1 後ろに重心のある言語
河野六郎は「日本語(特質)」(『日本列島の言語』)で、日本語をアルタイ型言語の一つとしています。その一番の特徴は、重要な語または単位がつねに後に置かれることだということでした。重要な語・単位を修飾する言葉は、それよりも前に置かれているのです。
たとえば「父の大臣(オトド)」の場合、実質は「父」=「大臣」と考えることが自然でしょう。本来ならば同格といってもおかしくないところです。しかし、この形式をとるとき「父」は従属する言葉となります。「父」<「大臣」という扱いになるのです。

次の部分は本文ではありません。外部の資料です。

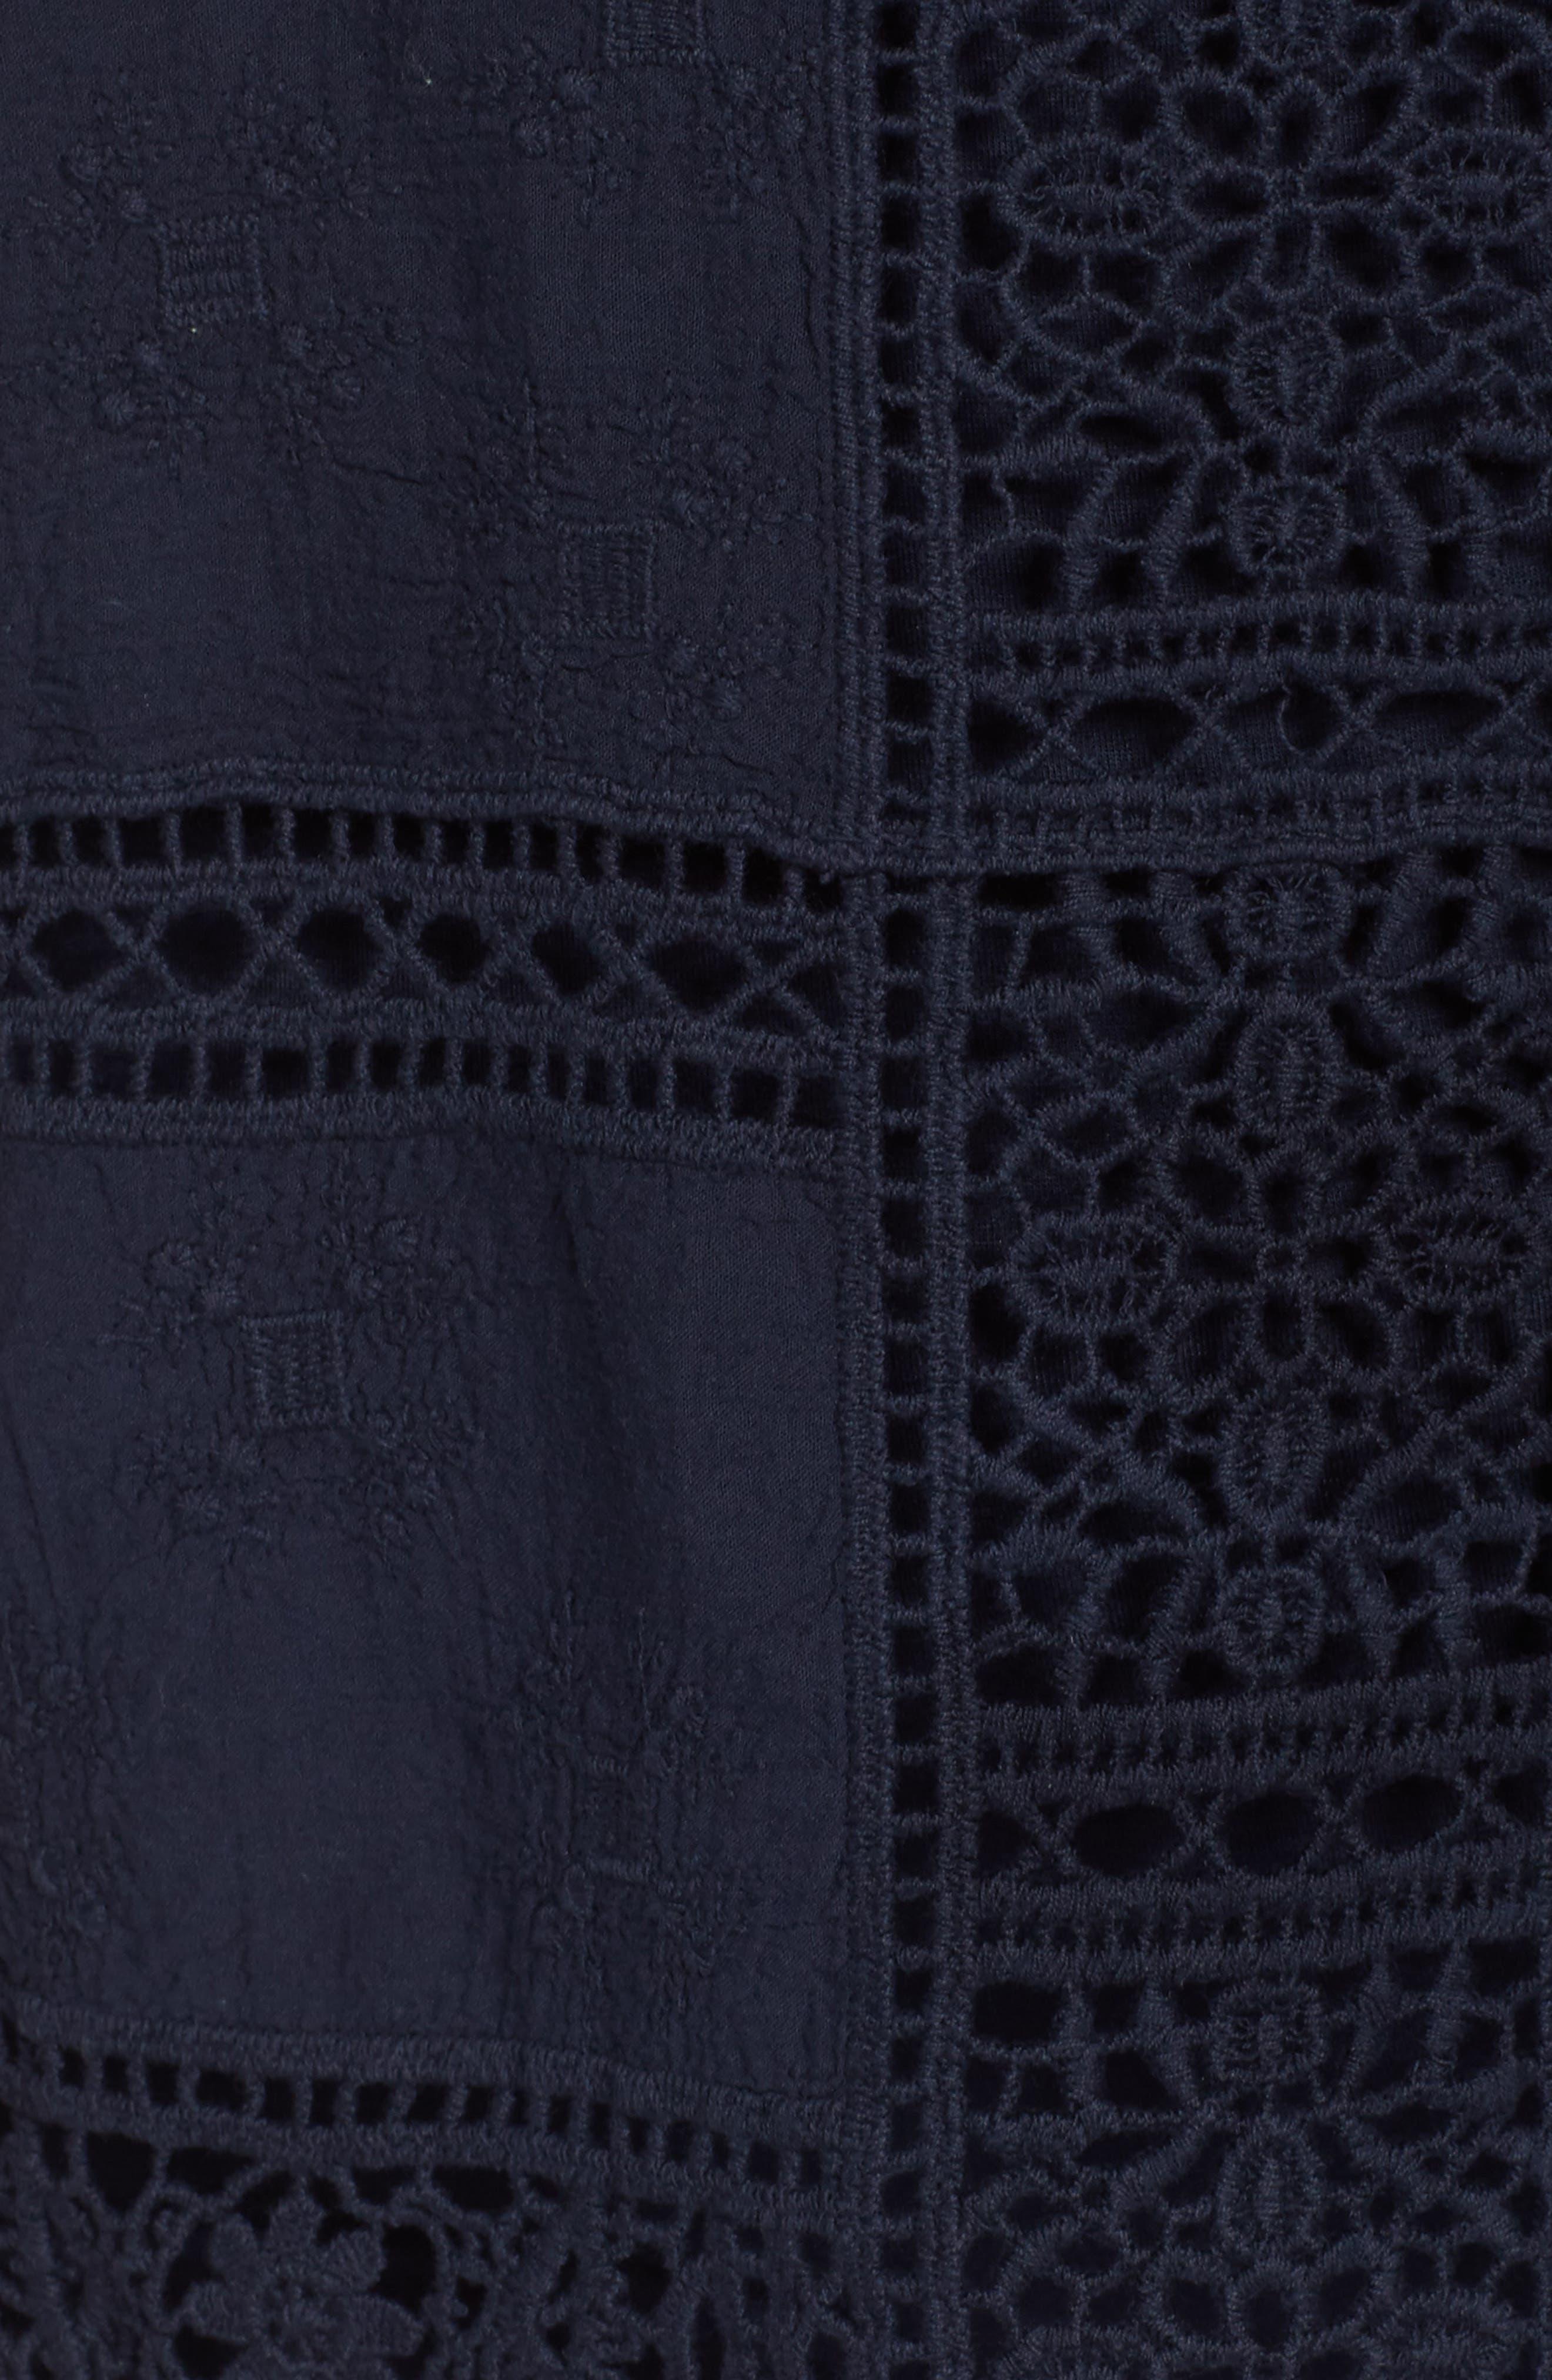 Flutter Sleeve Crochet Top,                             Alternate thumbnail 13, color,
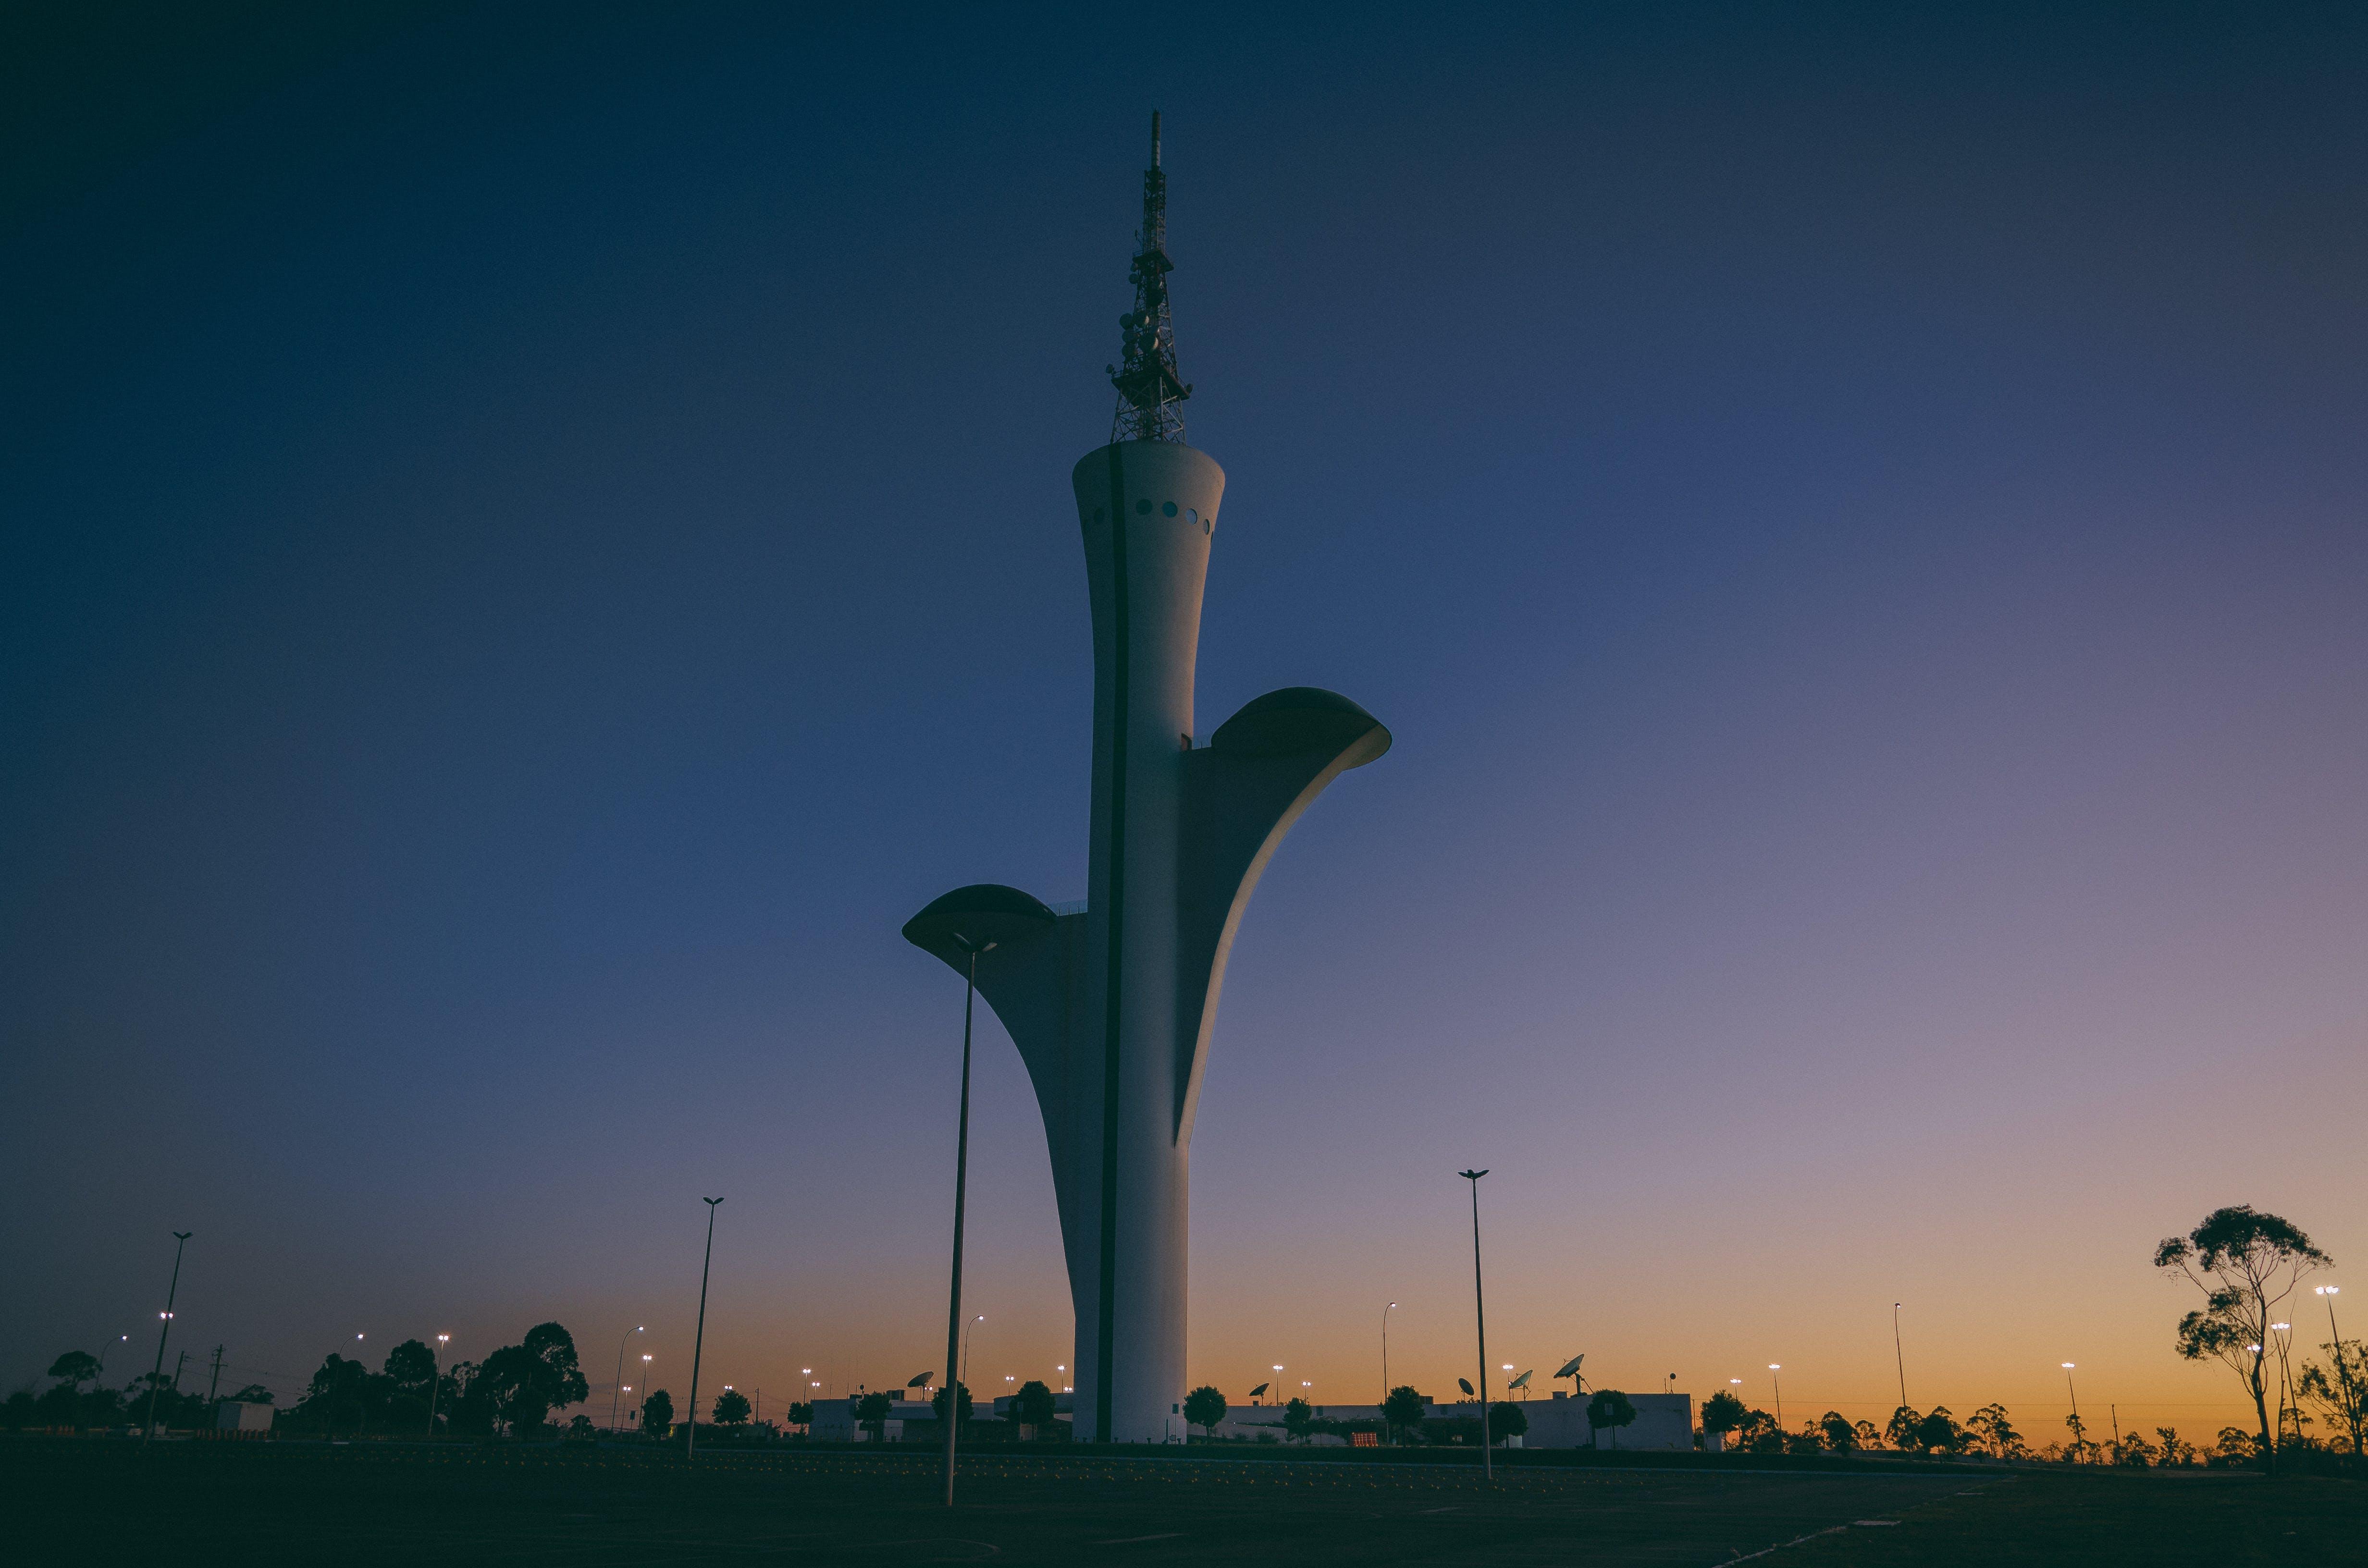 ゴールデンアワー, タワー, ダーク, モダンの無料の写真素材

このことはセンテンスの構造にも表れます。大野晋も『日本語練習帳』で指摘していました。[「意味」の上からセンテンスを見ると][そのセンテンスの肯定、推定(未来)、回想(過去)、疑問など一番重要な判断は日本語では文末で決定されます](p.69)。
2 日本語は「単肢言語」
日本語が後ろに重心のある言語だとしたら、文末が大切になるのは自然です。わかりあっている者どうしならば、文末だけでも話はほとんど通じます。「行ったの」「やめておいたよ」だけでも十分でしょう。誰のことか、どこのことか、前提が明らかだからです。
このように文末に重点が置かれる一方で、主体は必要に応じてしか記述されない言語のことを「単肢言語」と河野六郎は呼びました。文末の主体を記述しないのは主体の省略ではなくて、主体の記述をしない方が標準スタイルなのだということになります。
合理的に考えるならば、文脈の中で主体が了解されている場合に、わざわざ記述する必要はないのです。わかりきった主体が何度となく記述されたなら、私たちはかえってうるさく感じます。文章を添削する側の人は、おそらくそれらをカットすることでしょう。
3 主体がわかるのが必要条件
インド・ヨーロッパ語の場合、主語と述語動詞が人称・数を照応させています。センテンス内に、主語と述語動詞をつねに明示するルールがあるのです。このように主語(主体)と述語動詞の記述が不可欠な言語のことを、両肢言語と河野は呼びました。
両肢言語の場合、主体を記述しますから、主体が不明ということはありません。日本語の場合、主体の記述は必要ある場合に限られます。(1)文脈の中で主体が了解されていない場合、(2)主体が了解されていても、あえて記述して強調する場合の2パターンです。
文末の主体がわかっている場合、記述しようがしまいが主体は了解されています。一方、文末の主体がわからなければ、主体は記述されなくてはならないのです。つまり適切な日本語の文である限り、文末の主体がわからないケースはないということになります。
読む側にセンテンスの主体が伝わること、これでわからなかったらおかしいという文章であることが、適切な文章の不可欠な要件と言ってもよいでしょう。日本語の場合、主体を記述しないことがありますが、主体の概念が不要になったわけではないということです。